Yes, this is precisely the problem I had - Scala is great, Akka's model seems good, but the mix feels like you loose something along the way.
The typed actors stuff does exist, but it's experimental, and the last time I checked they had just thrown away the old version and were working on a new implementation. It seems like it would be better, but it's clearly not done yet.
I too ended up replacing all channels with a mutex or two in a small web socket relay server in Go, and things became 10x easier to reason about.
I think part of the problem is the lack of usage/support for channels in the Go stdlib itself (seems that the stdlib authors also prefer mutexs). The other issue with sending a close msg on a channel to let the consumer know there will be no more messages, and that an error is thrown if you write to a closed channel.

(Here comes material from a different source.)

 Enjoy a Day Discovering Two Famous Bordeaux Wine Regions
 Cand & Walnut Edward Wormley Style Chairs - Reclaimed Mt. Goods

If you can reduce everything to _one_ mutex, that's simple. As soon as you have two mutexes, you need to start worrying whether one thread grabs A then B and another grabs B then A. In larger projects with multiple people contributing, the mutex and condvar approach does not scale well. It's very easy to get difficult to reproduce race conditions.
Having been involved in some systems that make heavy use of actors I 100% agree. We call actors "concurrent gotos" as they bring all the "advantages" of gotos with the added "benefit" of concurrency. It's a very primitive model of concurrency, only slightly better than mutexes. There are much better models in the research community but few of the ideas have yet made it into usable systems.